After you have installed the necessary environmental and code dependencies you are ready to execute the code. We will use a Terminal or Bash window to complete this process.

Input File Requirements:

  1. An excel file titled “parcels.xlsx” located in the same directory as “executable.py”
    • Contains all parcel id’s in a field with header == “PARCEL_ID”
    • There can be other fields in the input file but the parcel id’s must be under the field name “PARCEL_ID”.
    • This program will not alter the input file.

Input file example

Before executing the program our Terminal or Bash window must be located in the directory which holds both the input file and executable. To be sure you are in the right directory, use the ls command which will print out the file names located in your Terminal or Bash window’s current directory. It should hold both “executable.py” and “parcels.xlsx”.

ls command example

If your current directory contains the necessary requirements, you can now execute the program. On a Mac, use the command:

python executable.py.

On a Windows, use:

python3 executable.py OR sudo python3 executable.py.

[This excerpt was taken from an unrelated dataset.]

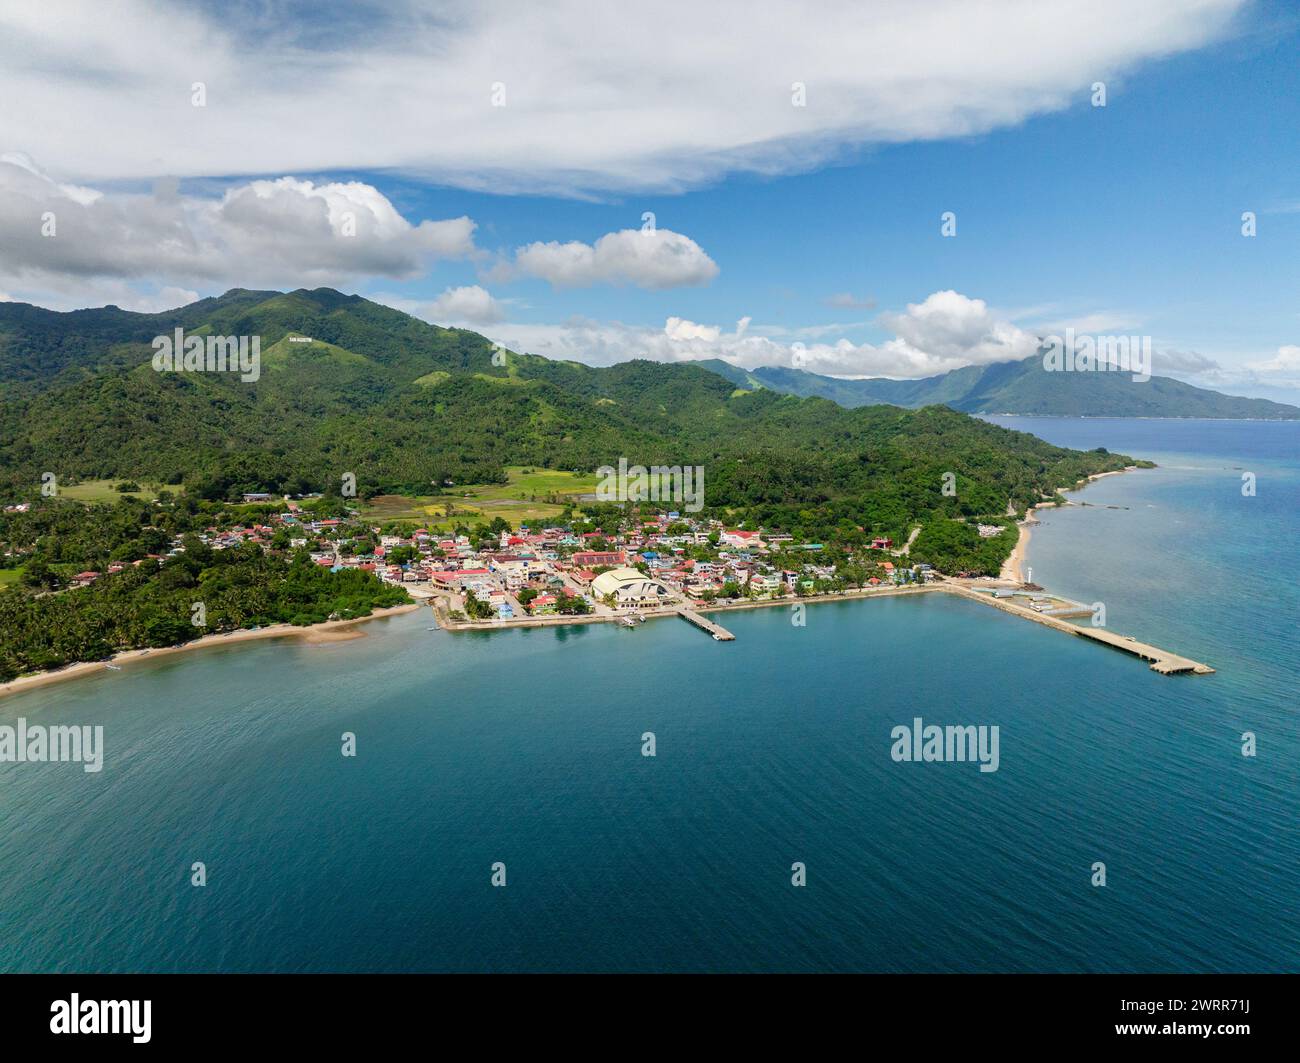 City with buildings and ports in San Agustin. Tablas Island. Romblon, Philippines. Stock Photo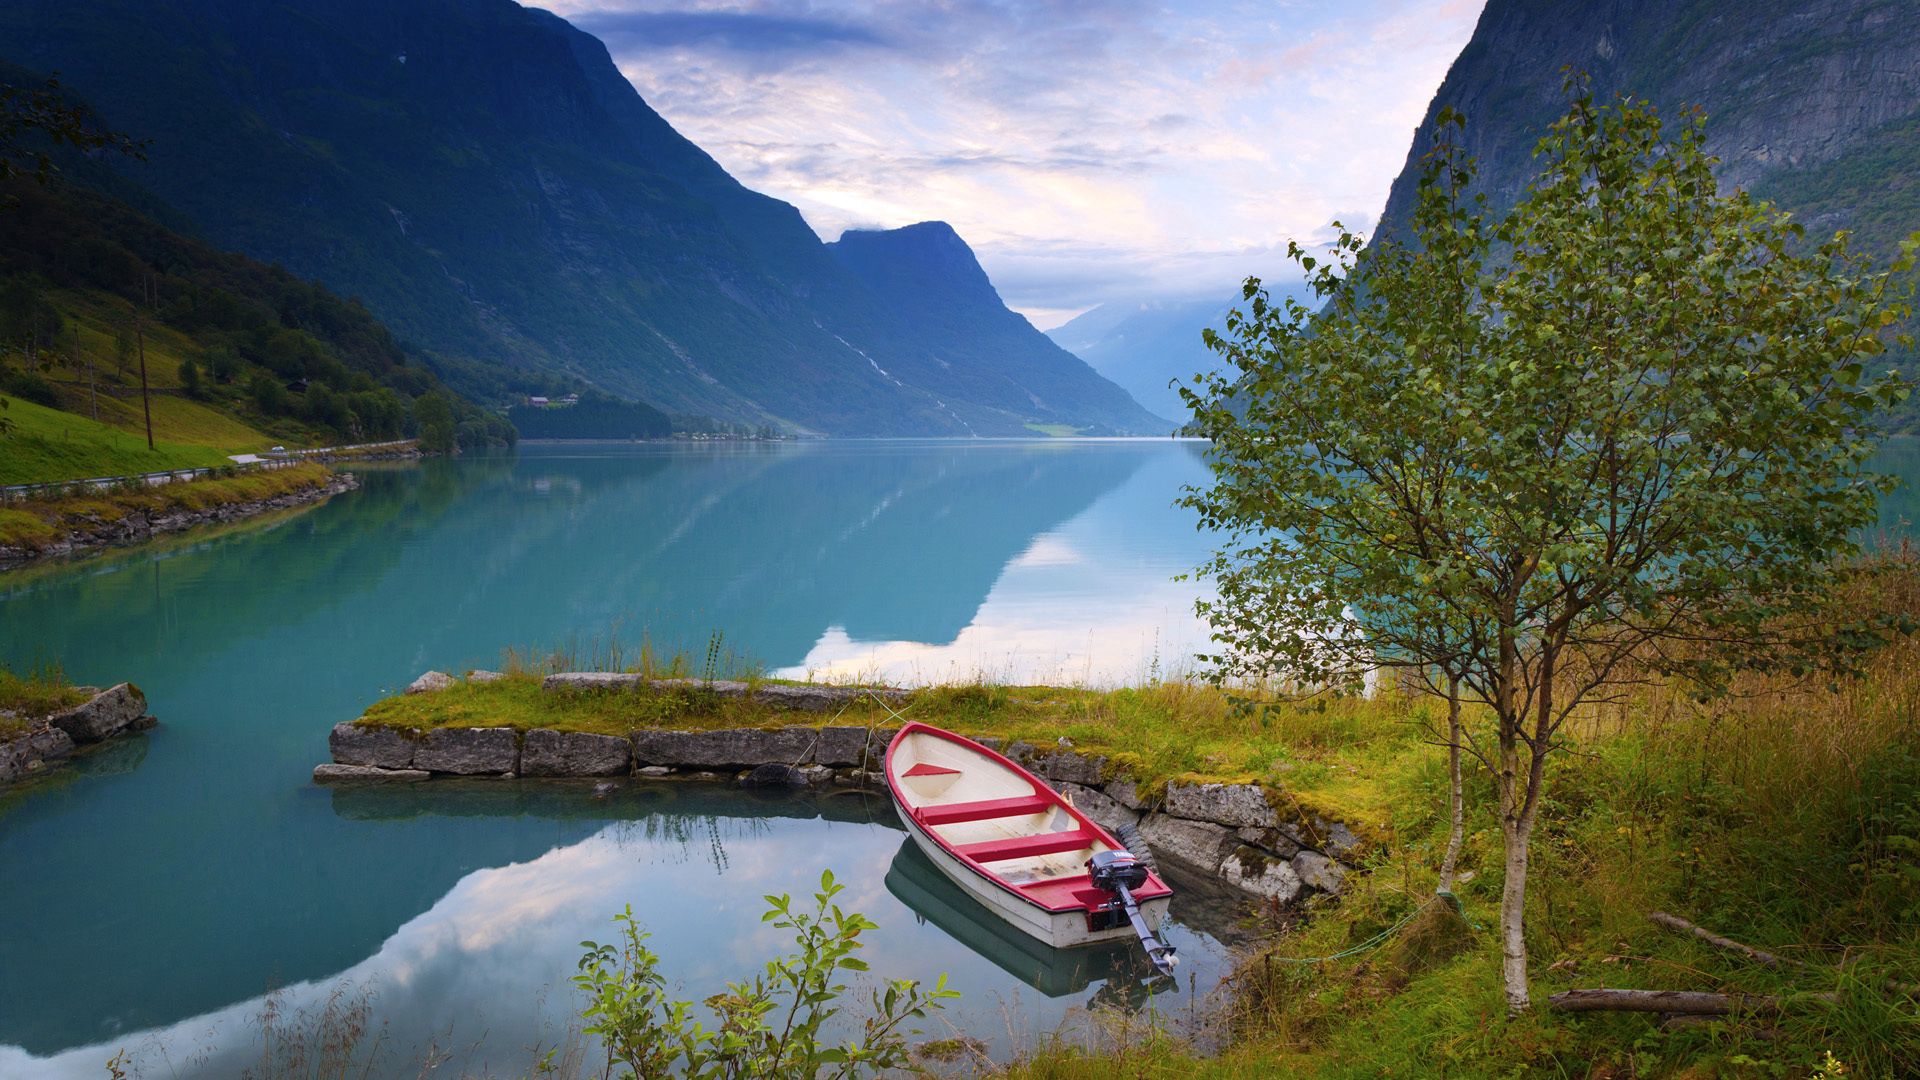 lake, blue water, norway, boat, nature, grass, stones, mountains, shore, bank lock screen backgrounds

Example of terminal window as code executes

Within a few seconds a new Chrome Browser window will launch and start navigating the web independently. In the Terminal or Bash window from which the code was executed, you will see a update statement print after data collection is complete for each parcel id. Once the program is finished a new excel file named “results.xlsx” will download to the same directory which holds “executable.py“ and “parcels.xlsx”.

Disclaimer

Any web-scraping script depends on the code configuration of the website it is scraping. If decided necessary, website administrators can attempt to prevent web-scraping by making changes to their website’s code configuration. If this happens, it may break the script and the code will need to be updated. If you start receiving errors or notice data is not loading properly, this may be the case.